Julieta París: “Una vida llena no es una vida plena”
En ‘La belleza de la ausencia’, Julieta París profundiza en todo aquello que nos falta: desde las pérdidas más dolorosas hasta la desconexión con uno mismo en un mundo saturado de estímulos. En esta entrevista, la psicóloga y escritora analiza cómo convivimos con el vacío, la incertidumbre, la muerte y la nostalgia, y reivindica la importancia de asumir, y no resignarse, ante aquello que inevitablemente forma parte de la vida.
Julieta París enhorabuena por este libro ‘La belleza de la ausencia’. Me ha parecido de esos que una quiere tener siempre a mano para consultarlo varias veces
Muchas gracias. Ojalá sea así. Creo que todos enfrentamos ese vacío del que hablo en el libro y era importante escribir sobre ello.
Hablas de ausencia en un sentido amplio, no solo de personas que ya no están
Exacto. La ausencia es todo lo que nos falta: silencios, espacios incómodos, anhelos no cumplidos. Y ahí es donde a veces están las respuestas importantes.
¿Cómo surge la idea del libro?
Surgió hace muchos años. Como psicoterapeuta escucho a muchas personas hablar de anhelos. Un anhelo nace de la percepción de que algo falta.
En el libro planteas que, tras un cambio o una pérdida, también nos echamos de menos a nosotros mismos
Sí, mucha gente se extraña a sí misma. Por eso el libro termina con la nostalgia de uno mismo, con la propuesta de volver a ti.
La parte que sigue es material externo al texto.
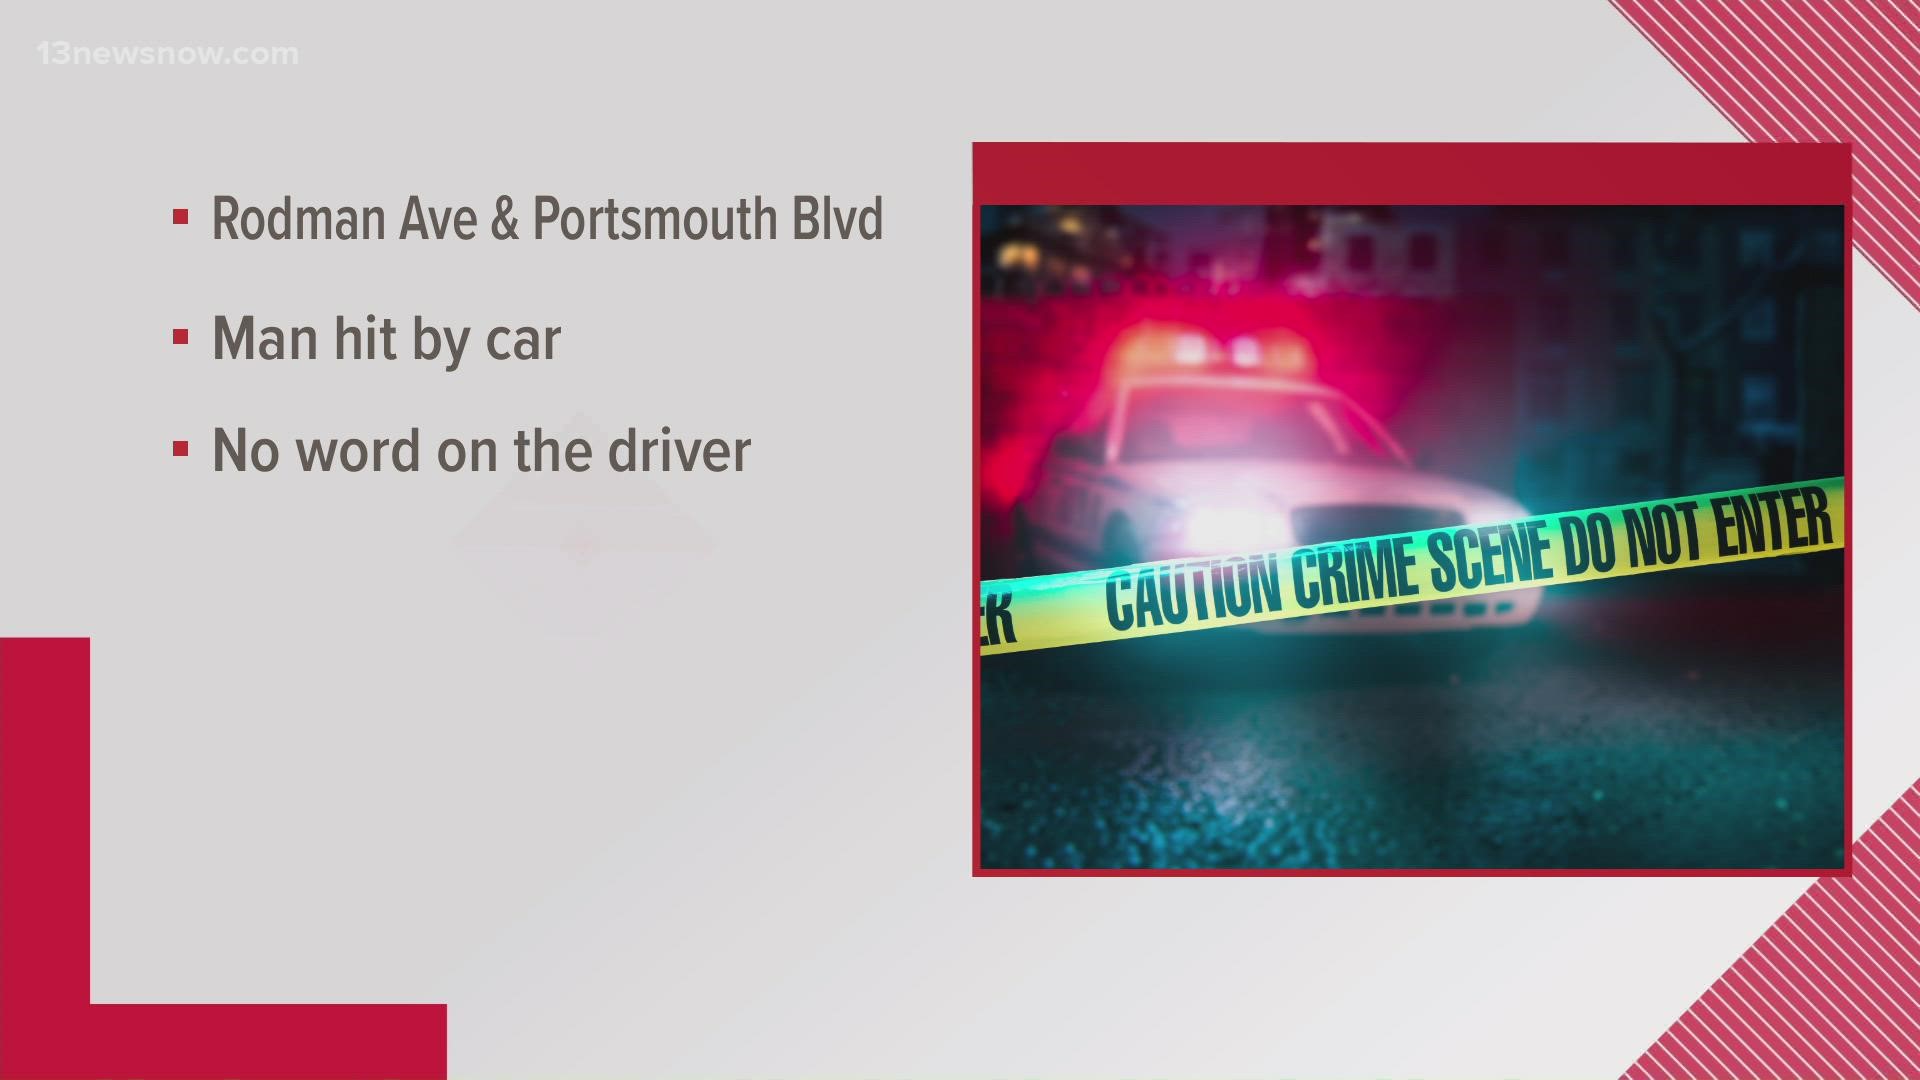 The crash happened near the intersection of Rodman Avenue and Portsmouth Blvd.

¿Tiene esto que ver con la sociedad y la sobrestimulación?
Totalmente. Vivimos hiperestimulados. Confundimos una vida ‘llena’ con una vida ‘plena’. La plenitud está en la serenidad.
Hablas también de la incertidumbre como una maestra
Sí. La incertidumbre es inevitable. Aceptar que no lo sabemos todo permite abrir espacio al asombro.
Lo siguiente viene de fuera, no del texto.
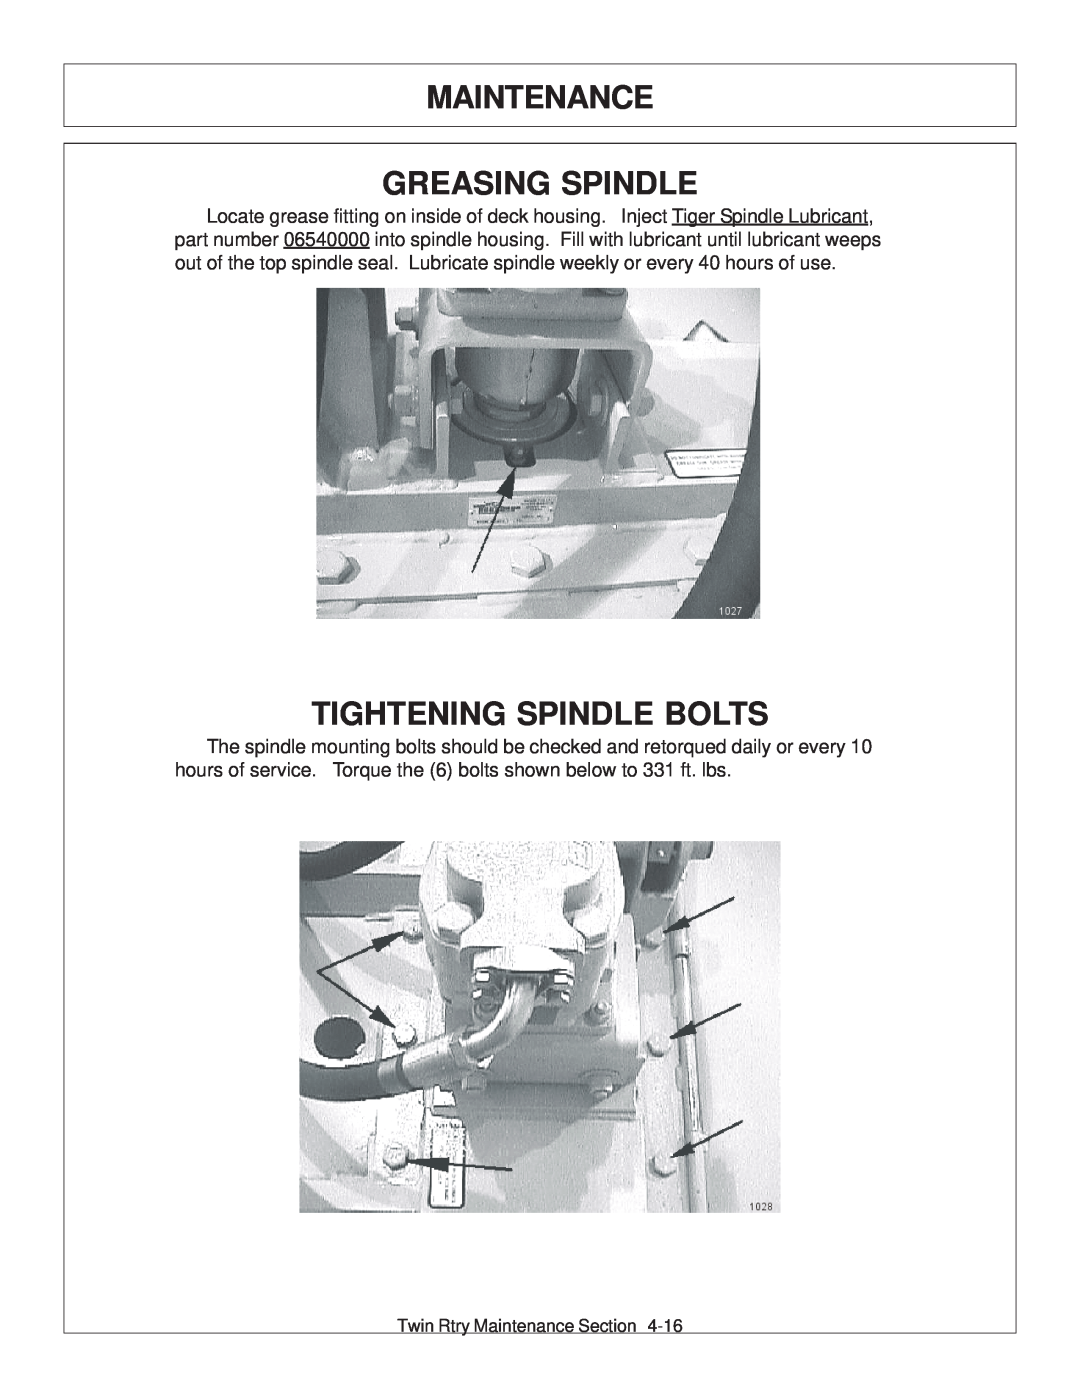 Tiger Products Co., Ltd 6020009 manual Maintenance Greasing Spindle, Tightening Spindle Bolts

Abordas la muerte desde un lugar sereno
La muerte es la única certeza que compartimos. El dolor se transforma en amor con el tiempo.
Entonces la idea sería convivir con lo que fue
Exacto. El duelo no es ausencia total, sino otro tipo de presencia.
El libro también trasciende ciertos discursos de autoayuda
Sí. Propongo profundizar: asumir no es resignarse. Explico esa diferencia porque se confunden mucho.